May 14, 2007 — Nanocomp Technologies, Inc. says it has successfully produced a new textile material from long carbon nanotubes. The company says that the material, available in nonwoven sheet and yarn formats, could be the key to realizing significant performance benefits in defense and aerospace applications ranging from body armor to structural composites, as well as commercial energy storage and electronics thermal management.
“We believe we are on the cusp of delivering the promise of carbon nanotube materials,” said Peter Antoinette, Nanocomp president and CEO. “Like our predecessors in performance products who developed Gore-Tex® and Tyvek®, we have a product platform with vast real-world functionality and, together with the system integrators that will ultimately incorporate it into end-use products, we aim to determine just how broad the benefits can extend.”
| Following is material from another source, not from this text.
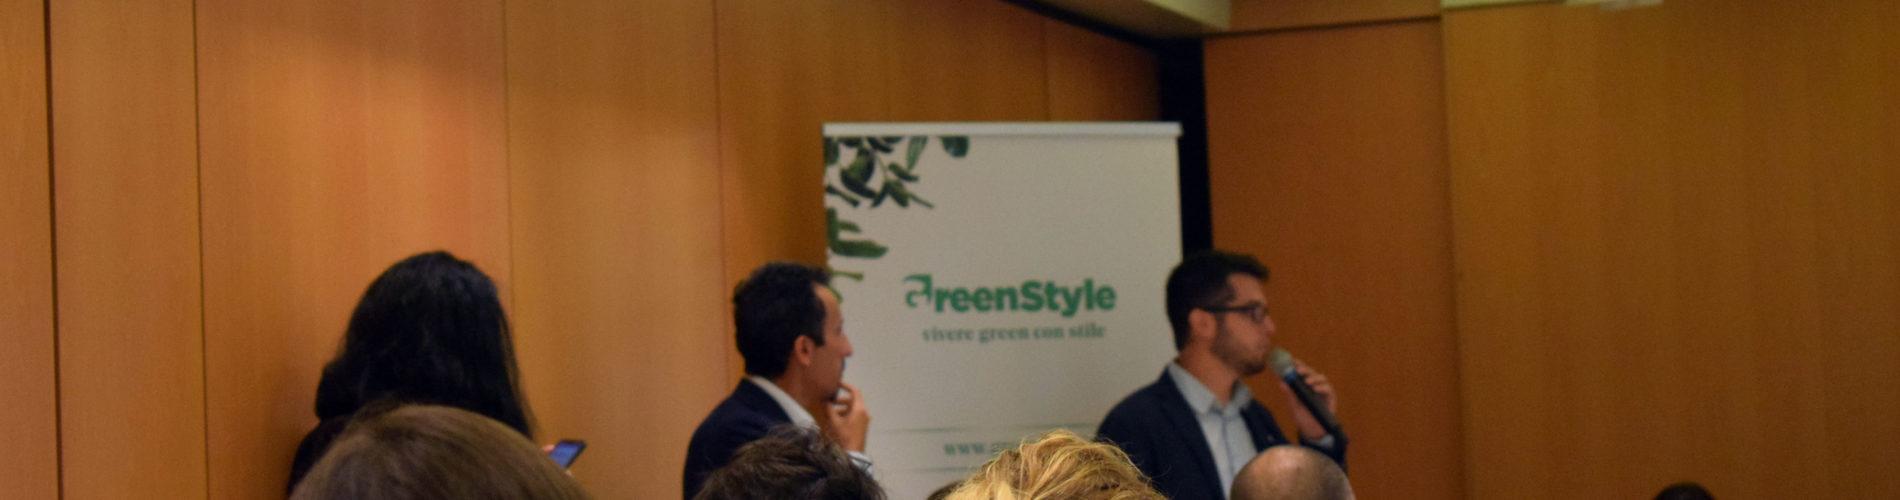 Introduzione al convegno sui green influencer di GreenStyle al Sana di Bologna 2019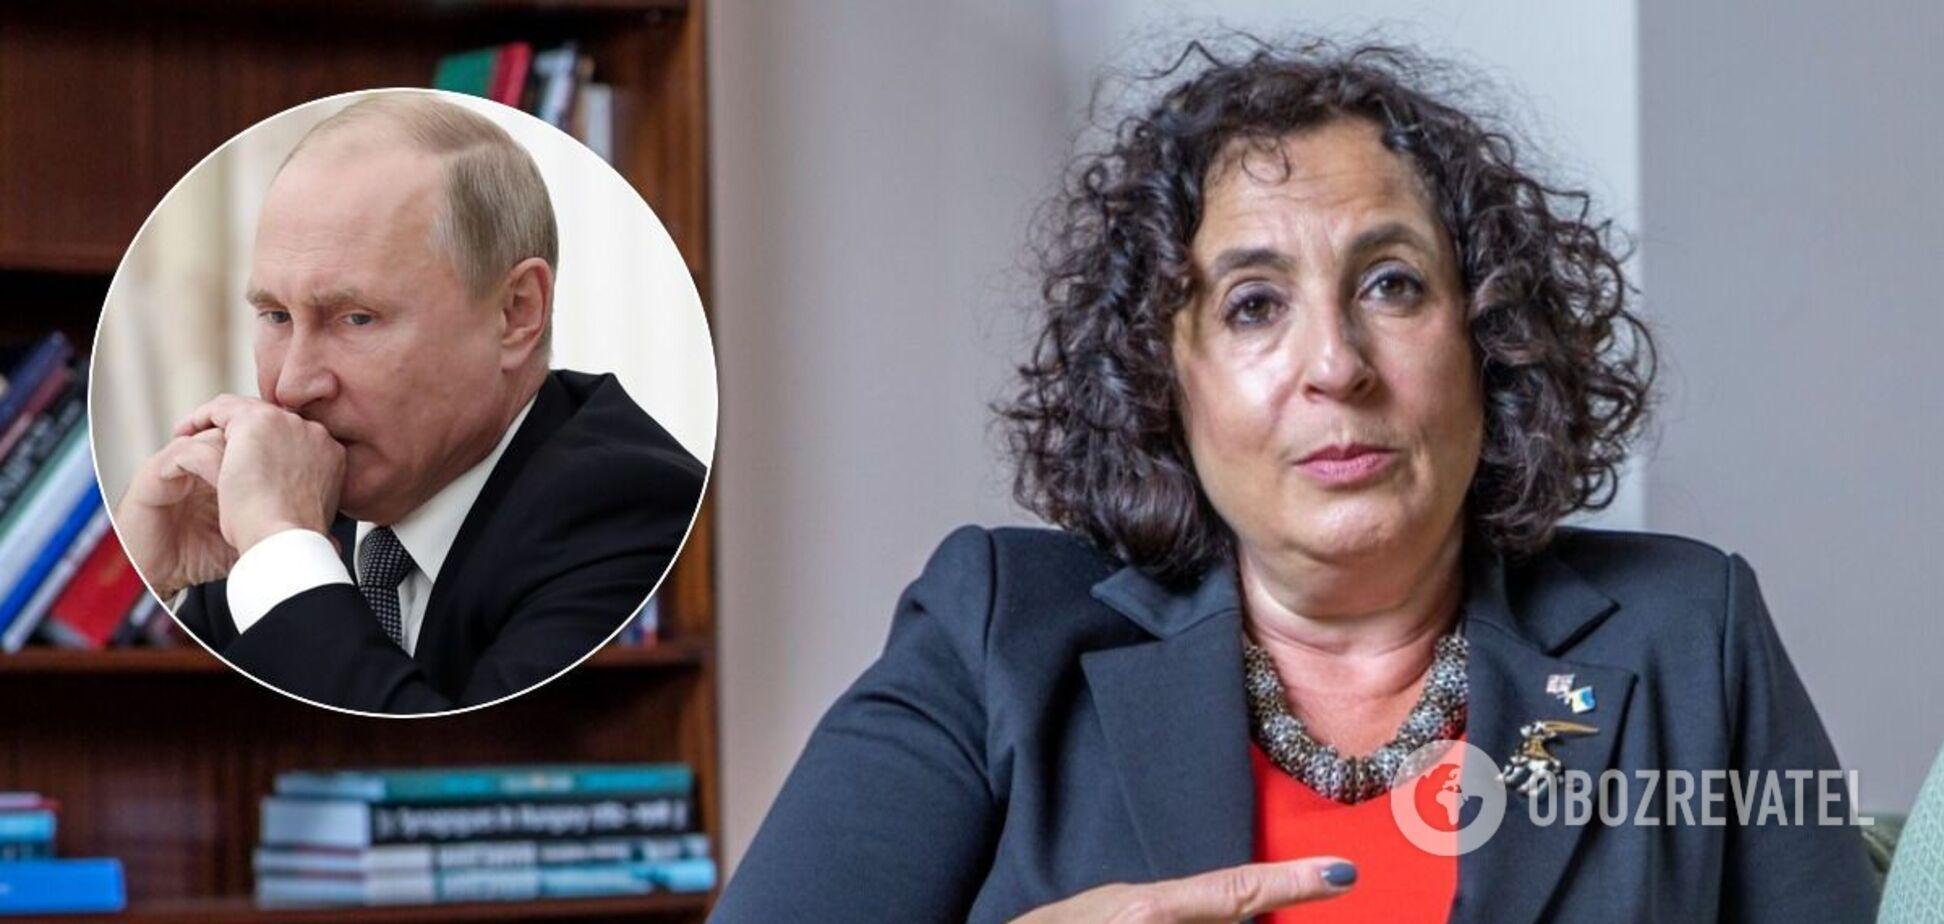 Мелинда Симмонс высказалась об агрессии России

Antoinette said commercial manufacturing processes to date have mostly produced only short carbon nanotubes — usually tens of microns long — that resemble a powder in final form. These nanotubes can be difficult to incorporate into manufactured goods, Nanocomp says, and products incorporating them have not yet demonstrated the attractive structural and conductive properties of nanotubes.
But the company reports that it has overcome these limitations by producing extremely long (hundreds of microns to millimeters) and highly pure nanotubes. These long nanotubes are a key to producing the ultimate functional materials, nanotube yarns and nonwoven sheets, for in end-use applications.
Nanocomp is also developing prototype equipment to automate production of the nanotube yarns and nonwoven materials leading to commercial scale.
In the near term, Nanocomp expects its materials to be 1) used in conjunction with carbon fibers and aramids to reduce weight and improve performance of body armor; 2) incorporated into land, air and marine vehicle structures to improve fuel economy; 3) used for next-generation wiring systems and antennas; and, 4) due to their ability to take an electrical charge much faster and many more times than batteries, used to create ultra capacitors to store large amounts of energy from intermittent energy sources such as wind and solar energy, as well as to smooth out demand spikes in the power network.